Under the prior assumptions regarding the probability of success in both groups, and regarding the correlation within a subject, I used some theory of probability to calculate the probability for each of the following events (for each group):
Using these probabilities, I have simulated data (using the RAND TABLE function). I did this 1000 times, and for each dataset, I ran a model to obtain a P-value, and then the power (for a given sample size) was the number of significant P-values out of 1000.
And now for my question. I tried to model using both GLIMMIX and GENMOD. While GLIMMIX performed reasonably (only a few single models did not converge), using GENMOD a relatively large number of modle did not converge (still the majority did). What I wanted to know, is why this has happened.

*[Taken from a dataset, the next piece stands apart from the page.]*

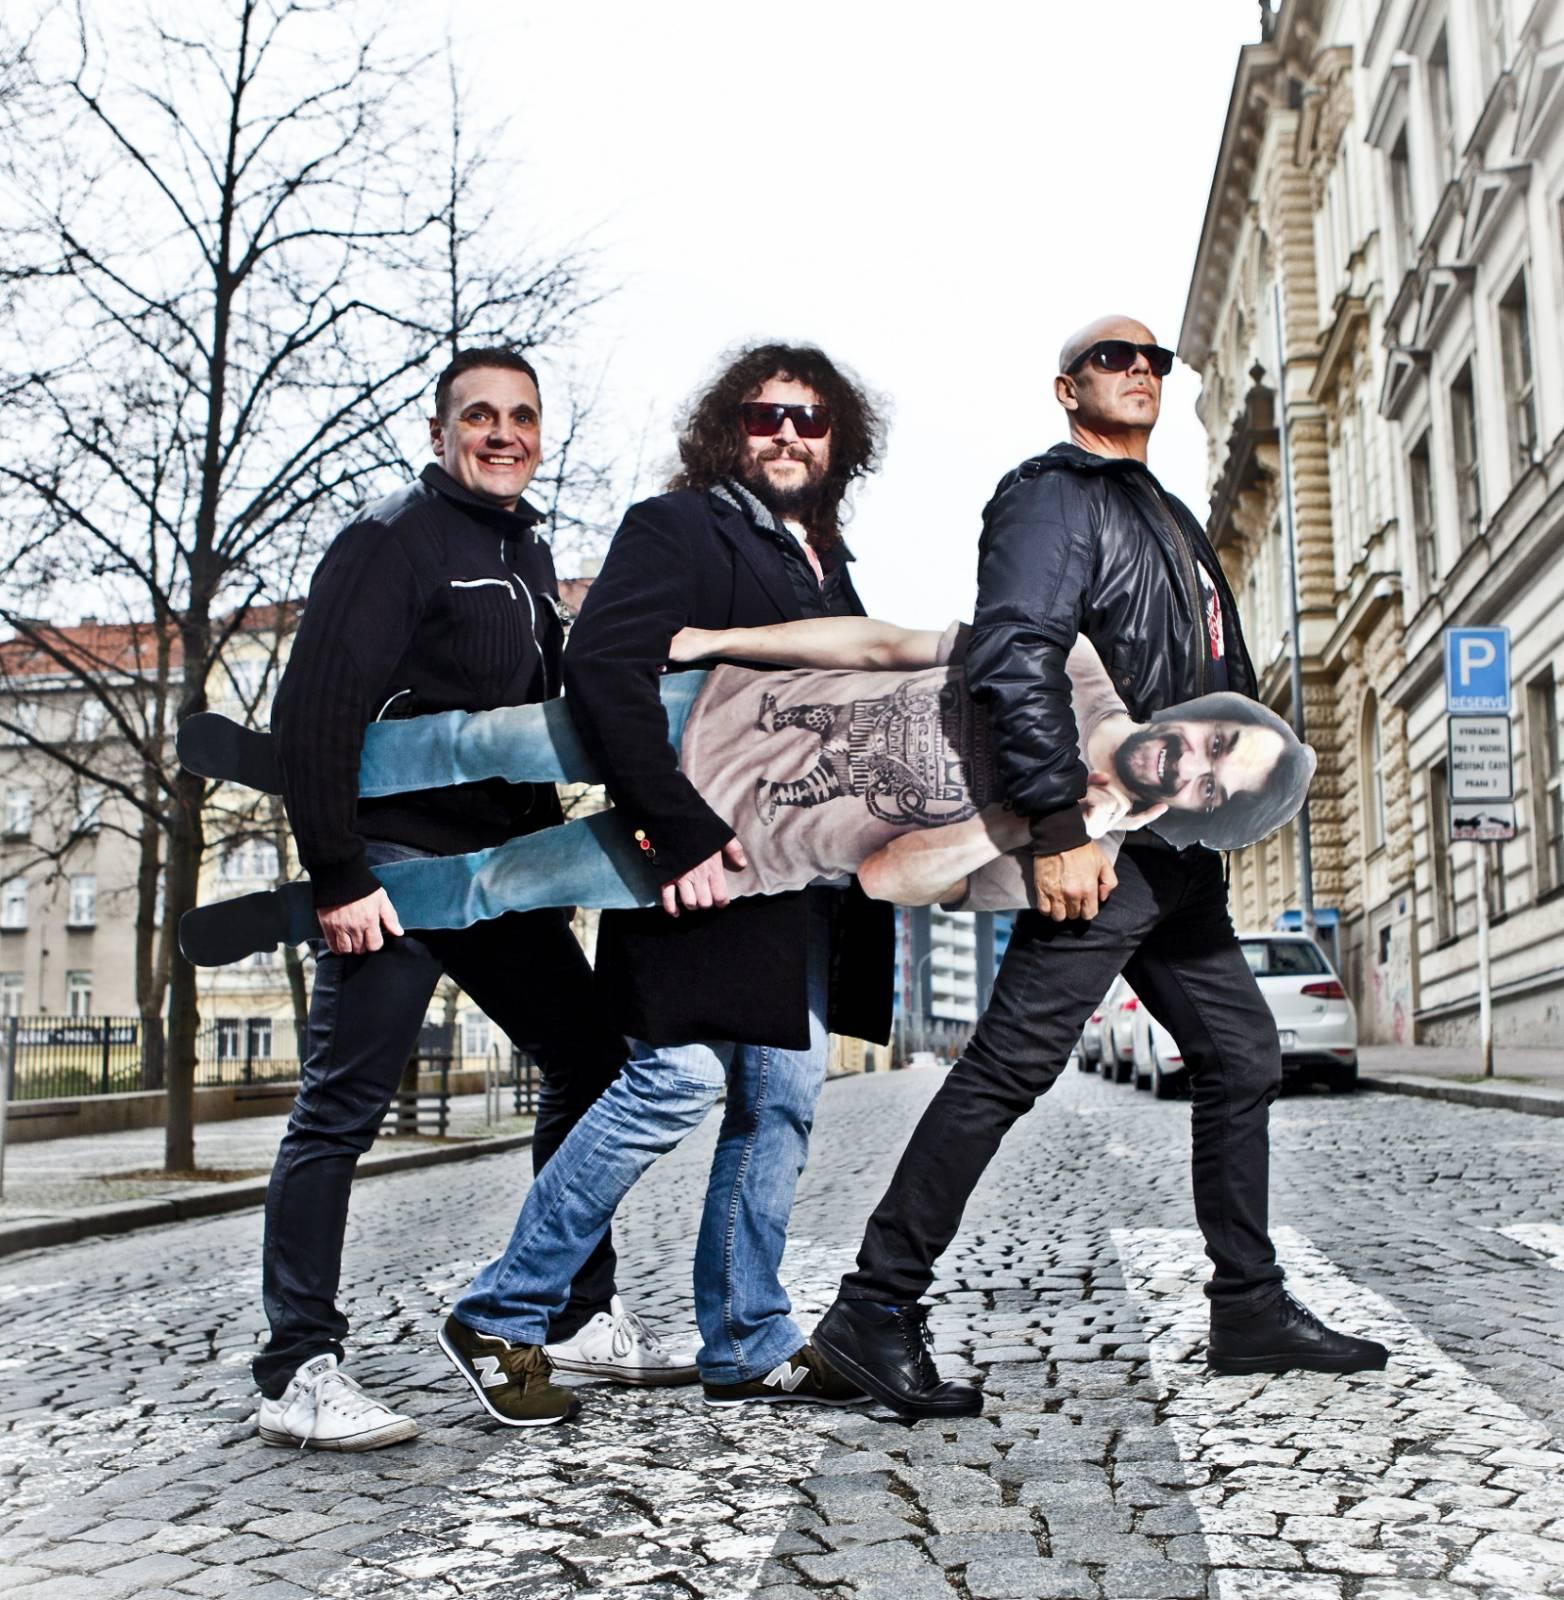 J.A.R. budou eskalovat dobro i z gramofonů. Jejich poslední deska právě vychází na vinylu

part of my code are below:
%let pt = 0.7, 0.75, 0.8; %let pc = 0.2, 0.3, 0.4; %let corr = 0.2, 0.3, 0.4; %let n = 20, 25; %let NumSamples = 1000; data Sim;*(keep=SampleID i c x); call streaminit(4321); Do pt=&pt; Do pc=&pc; Do corr=&corr; Do N=&n; /*calculating probabilities*/ /*Simulate the data using RAND*/ output; end; end; end; end; end; end; end; run; proc glimmix data = Simulateddata ;* method=quad; by pt pc corr N SampleID; class ID Group Eye; model outcome(event='1') = Group / dist=binary solution; random Eye/residual type=unr subject=ID ; * r side was used so I can see that I actually got the correlation I wanted; lsmeans Group/ilink; ods output ParameterEstimates = GLMMs(where=(Group=2)); run;
So this worked more or less fine, while GEE did not converge in more than 100 cases out of 1000. Any idea why ? I have the book of Stroup on GLMM's, if the answer is there, can you please refer me to the point where it is explained ?
Thank you very much !
11-09-2015 03:14 PM
I can't tell if you are fitting the right model since you don't give the full simulation code. Don't know what group and ID are, based on your code. I assume the right model. You should note that when you use a 'residual' for binary or binomial data, you are getting quasi-likelihoods, not true likelihoods. It is difficult to interpret an R-side var-covar matrix with binary data, other than it is giving you desired inflation of the SEs of the fixed effect parameters (and adjustments for test statistics). But this is just background. GENMOD and GLIMMIX use different estimation methods, even for working correlation matrix models, such as the one you are using. The actual algorithm is different. So, one may converge more readily than the other for certain types of data sets and models.